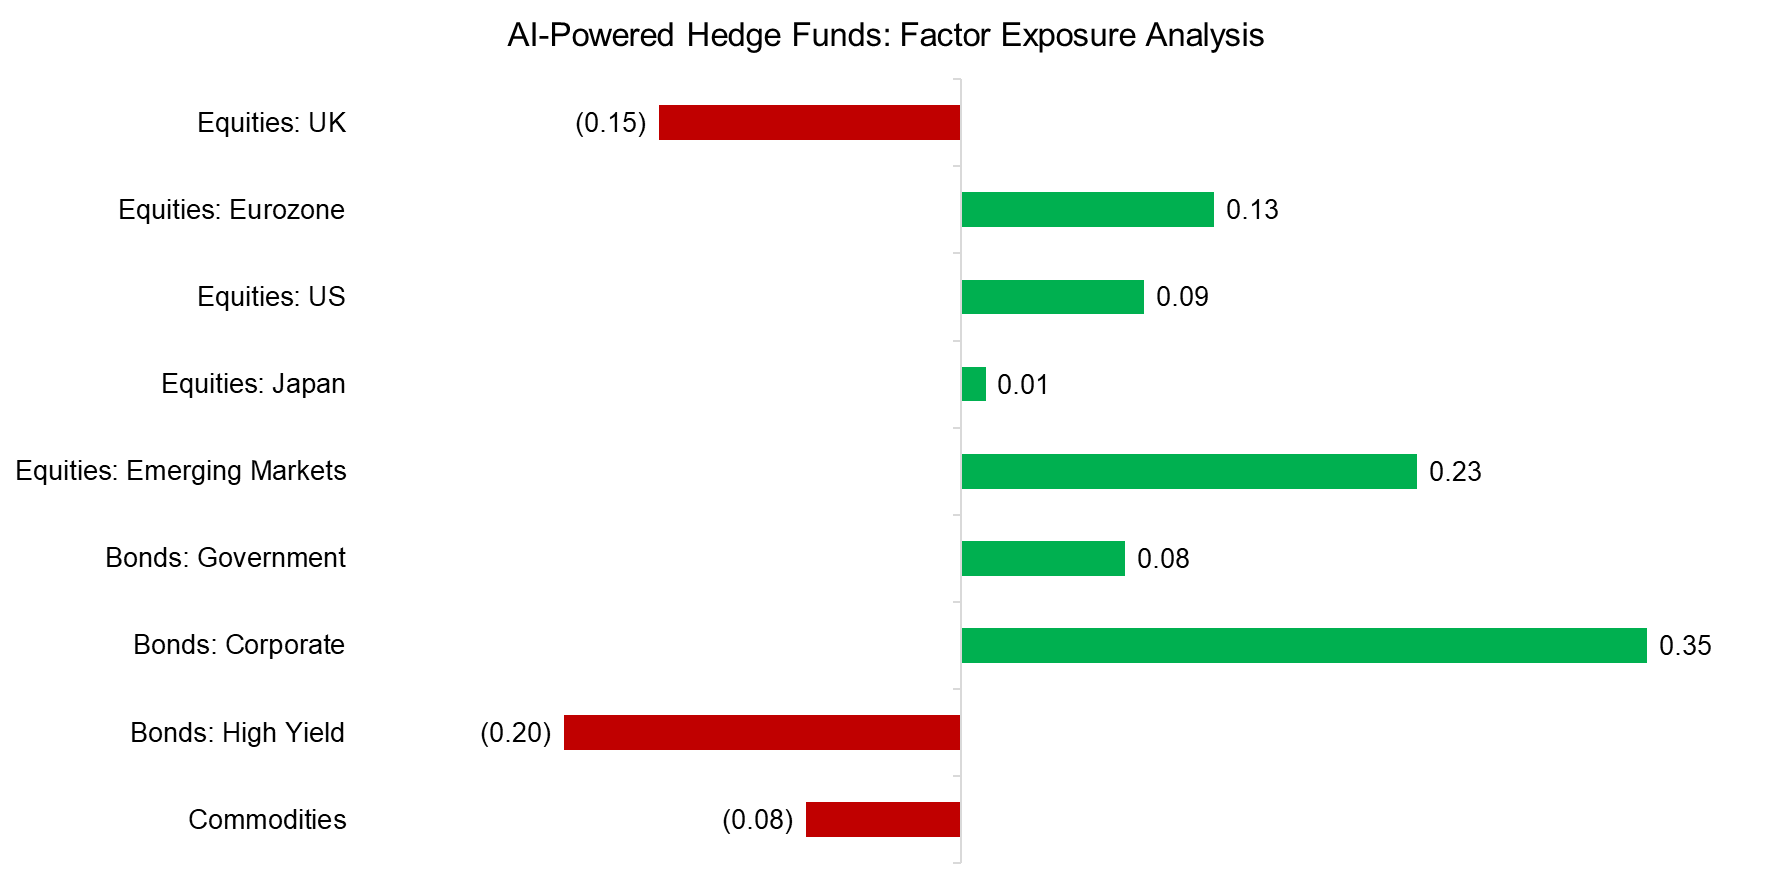 AI-Powered Hedge Funds Factor Exposure Analysis
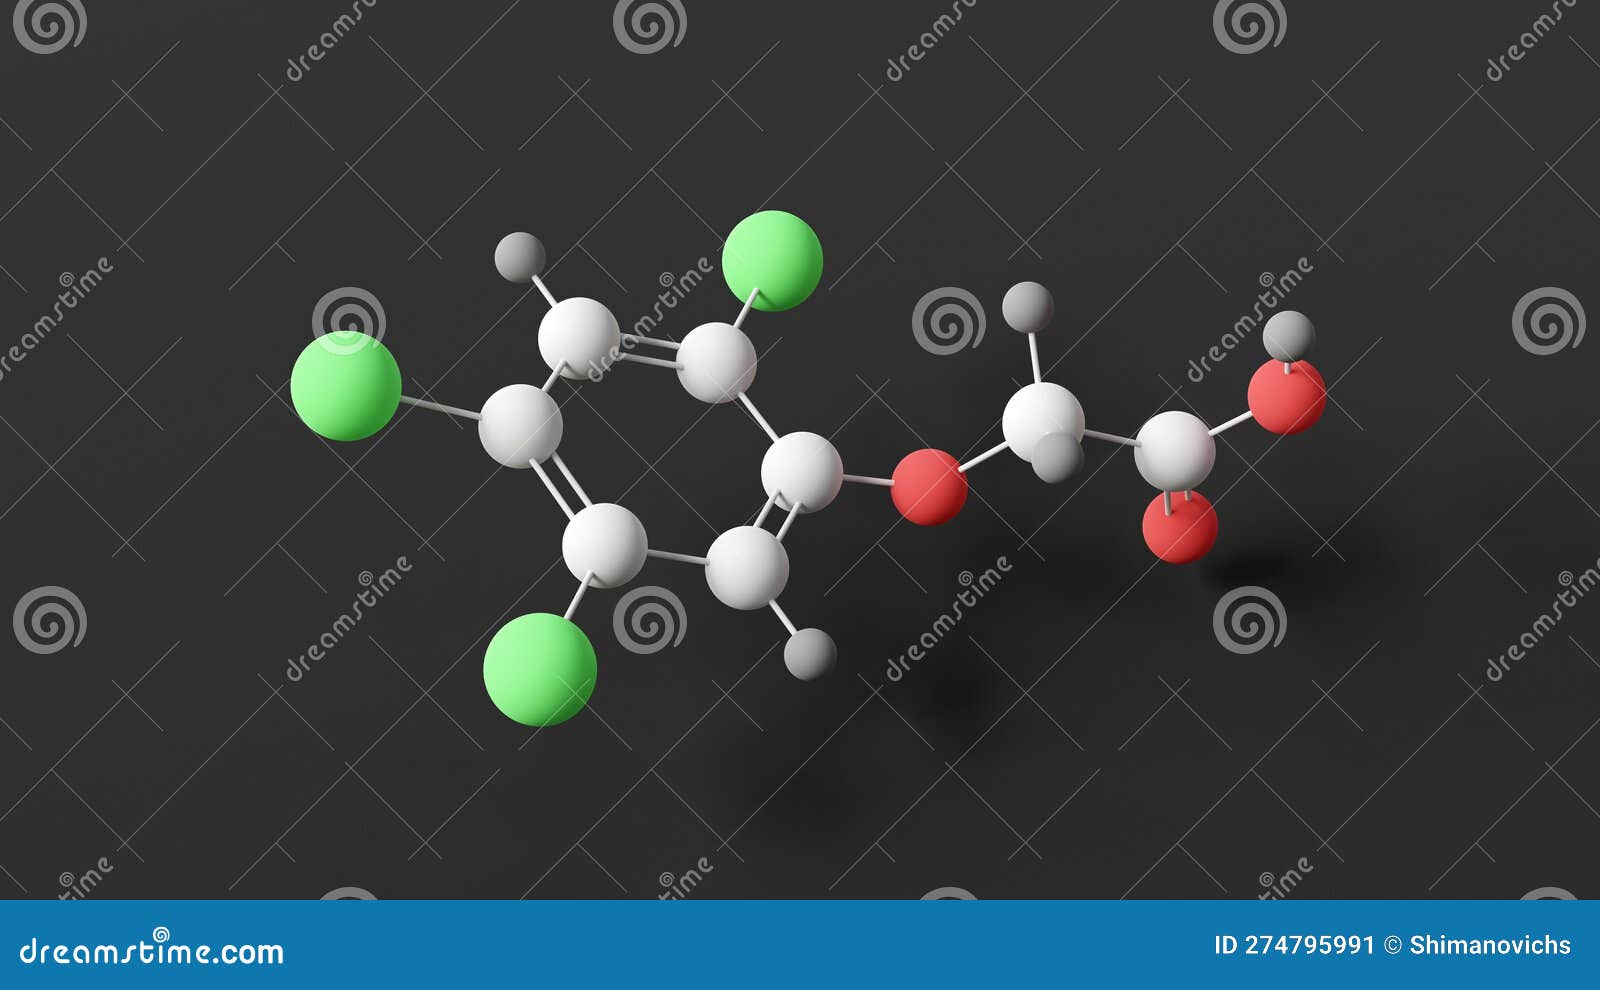 2,4,5-trichlorophenoxyacetic acid molecule, molecular structure, 2,4,5-t, ball and stick 3d model, structural chemical formula
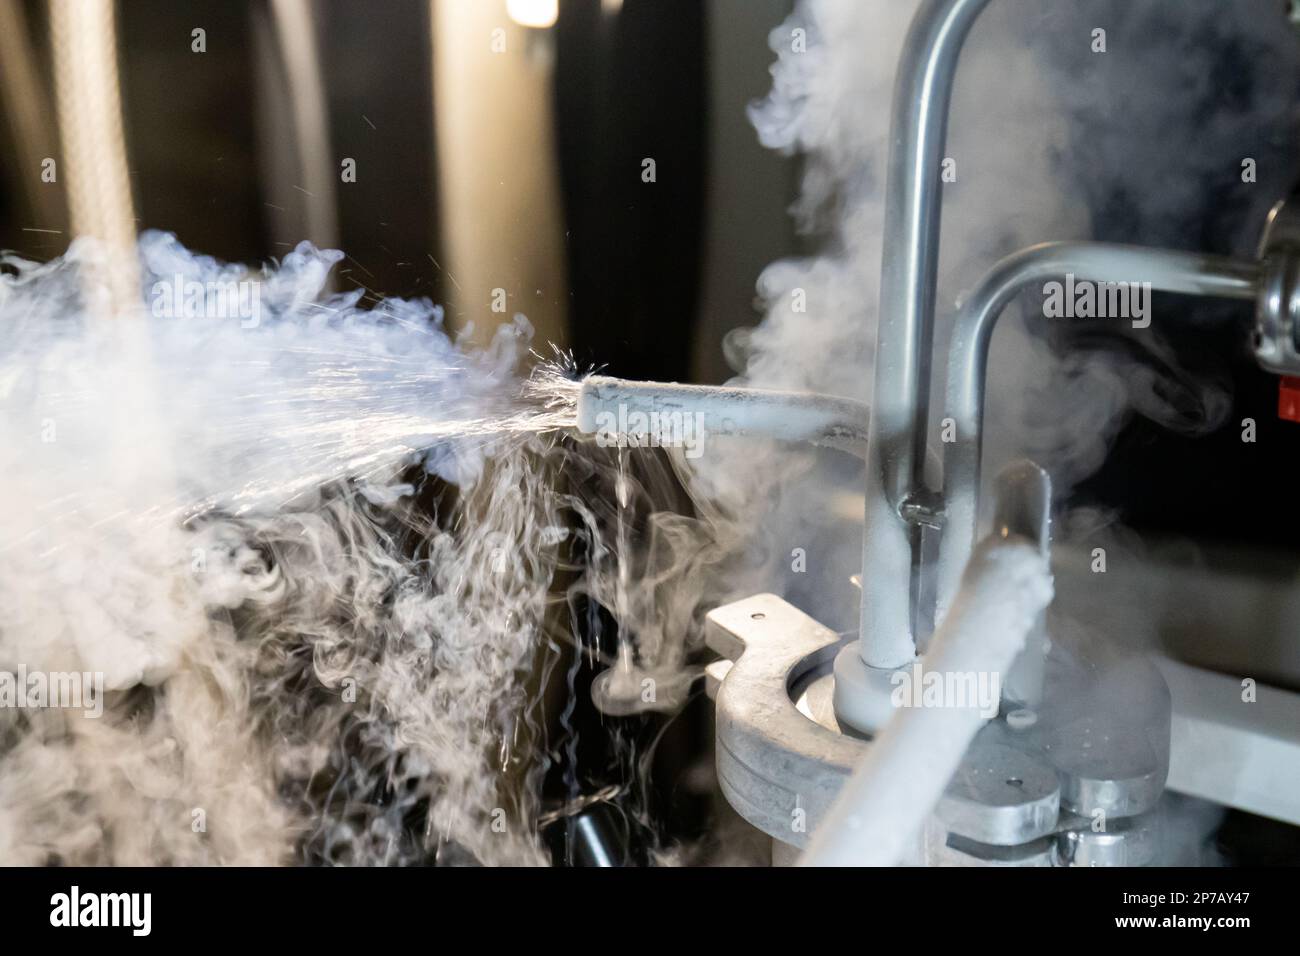 Liquid nitrogen splashing out along gas emanating from pressurized tank thermal rubber hose connected to metal pipes and red hand valves. Stock Photo
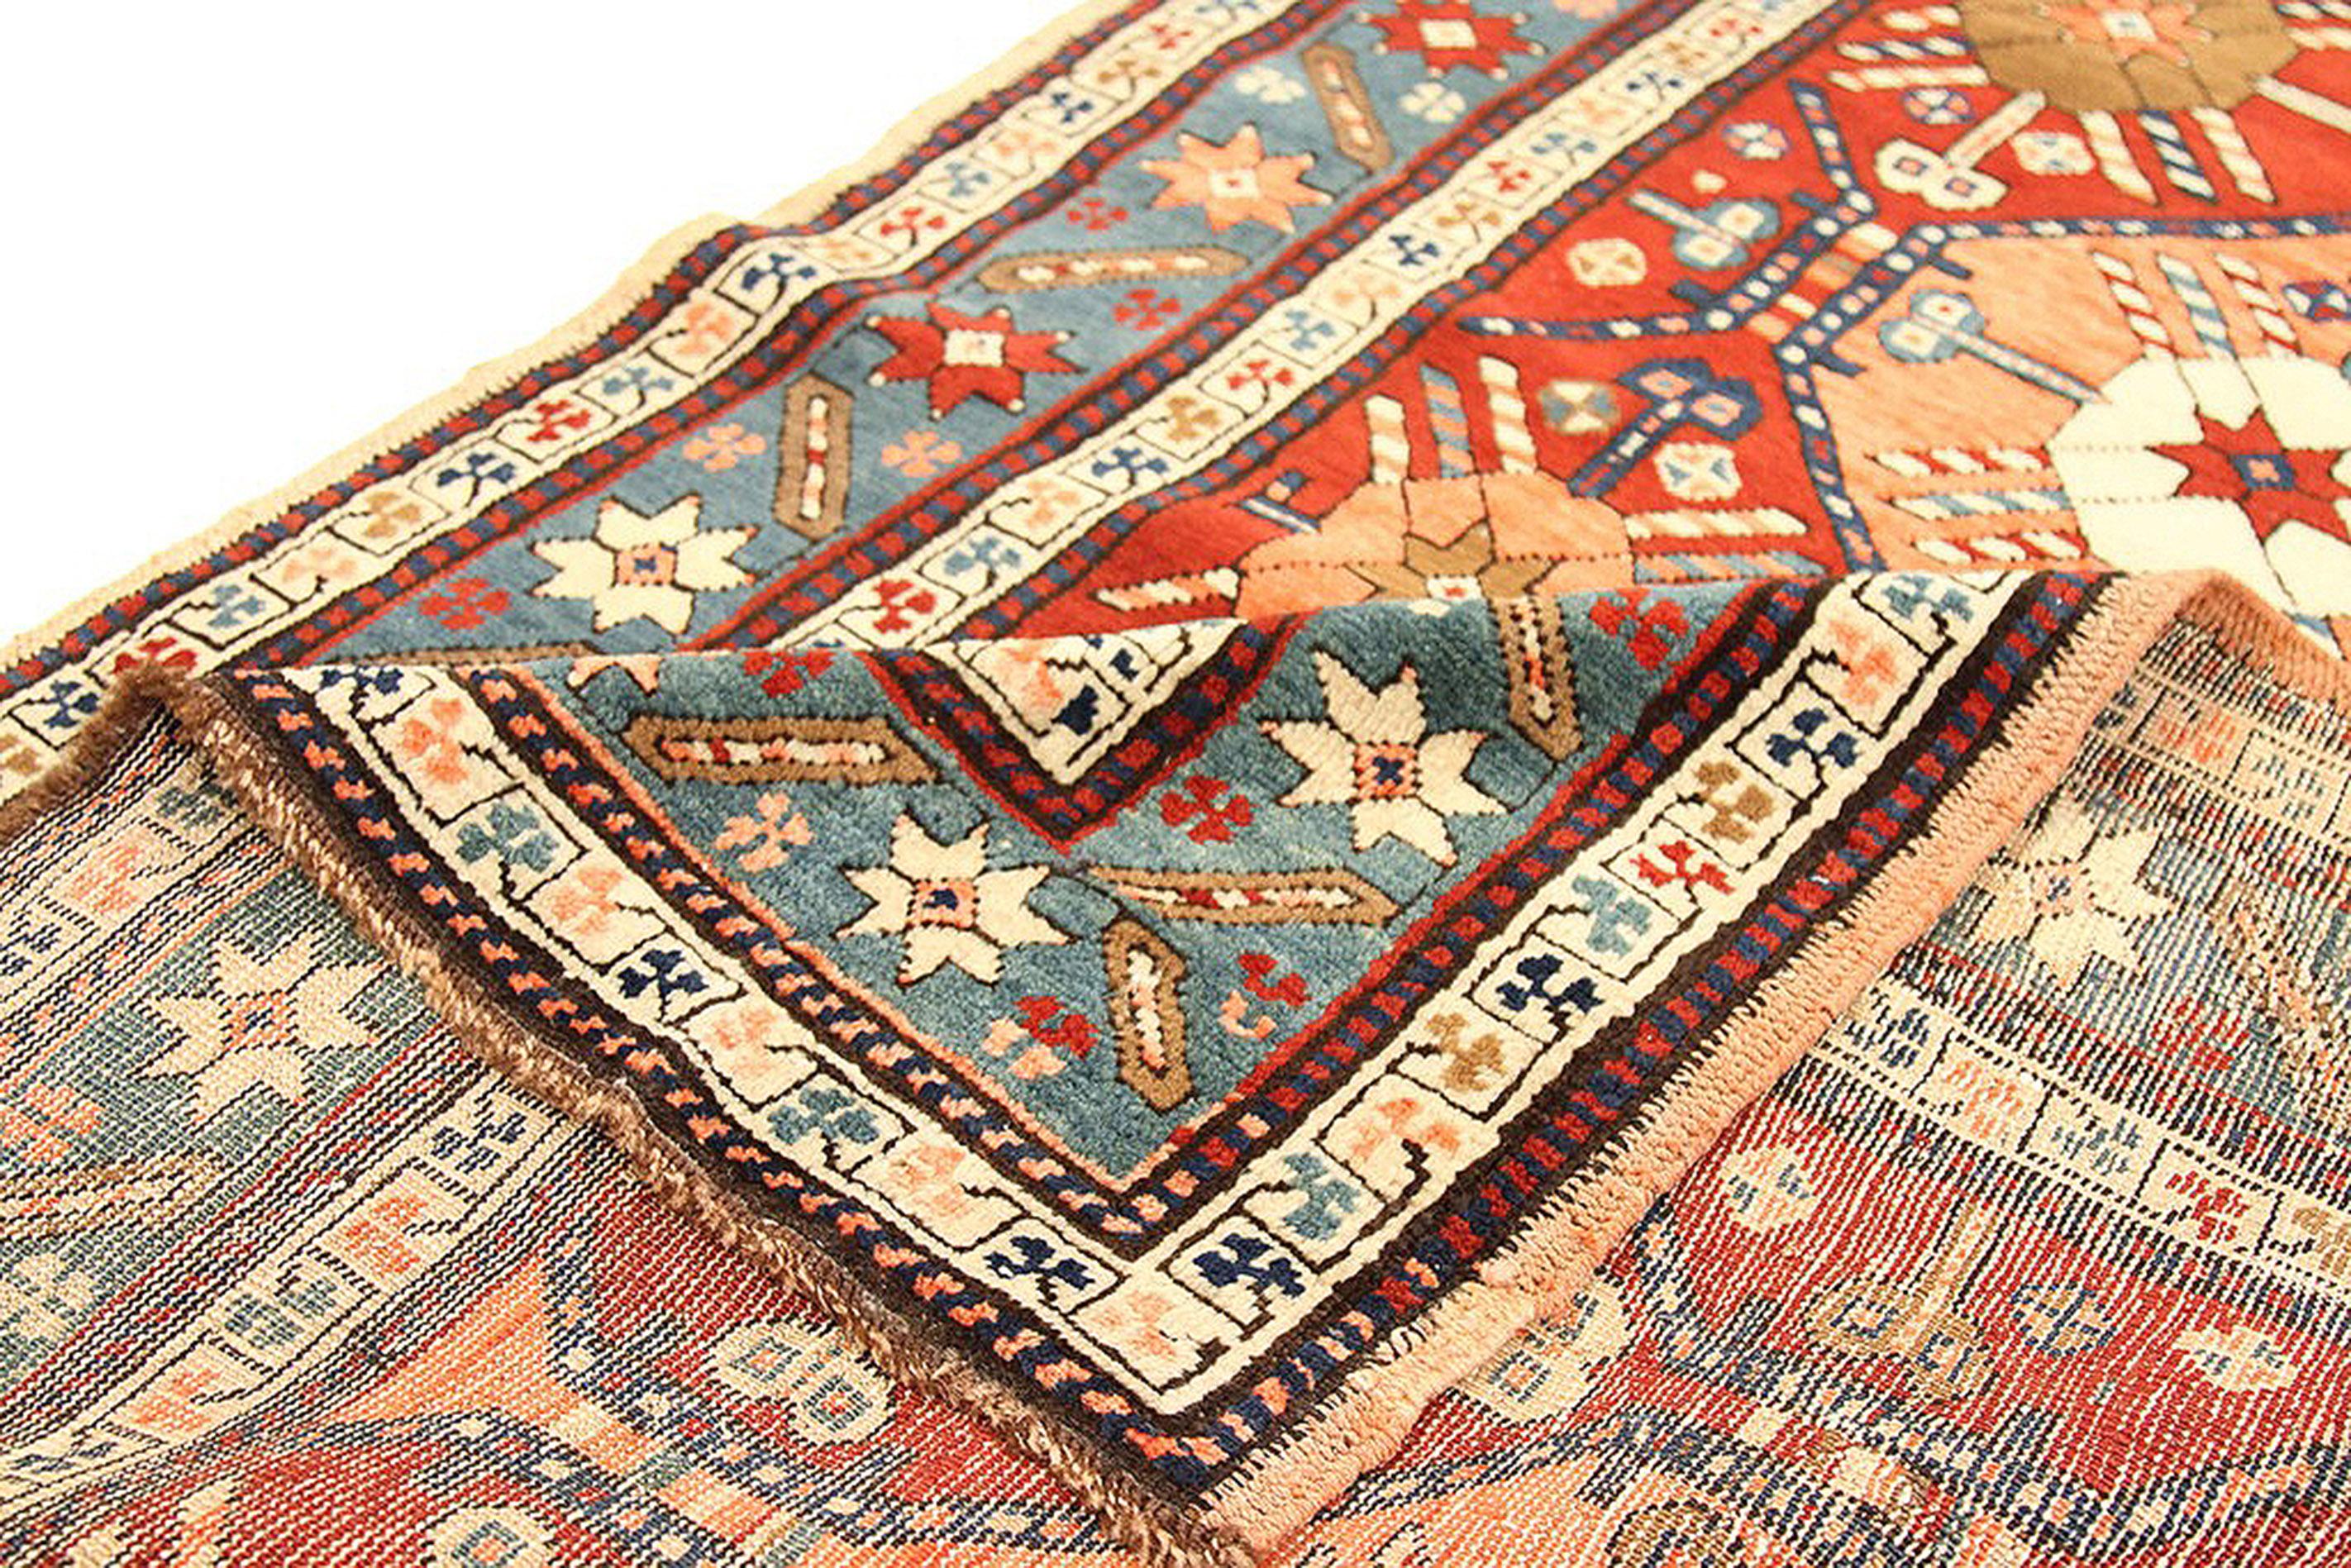 Antique Russian runner rug handwoven from the finest sheep’s wool and colored with all-natural vegetable dyes that are safe for humans and pets. It’s a traditional Kazak design featuring star and geometric medallion details in various colors over an

-- INSTRUCTIONS FOR THE TASK --
Your answer must be the full listing, copied exactly, with no pictures in it.

-- OUTPUT BELOW --
 AI-Powered Hedge Funds Factor Exposure Analysis
 2,4,5-trichlorophenoxyacetic acid molecule, molecular structure, 2,4,5-t, ball and stick 3d model, structural chemical formula
 Liquid nitrogen splashing out along gas emanating from pressurized tank thermal rubber hose connected to metal pipes and red hand valves. Stock Photo
 Antique Russian runner rug handwoven from the finest sheep’s wool and colored with all-natural vegetable dyes that are safe for humans and pets. It’s a traditional Kazak design featuring star and geometric medallion details in various colors over an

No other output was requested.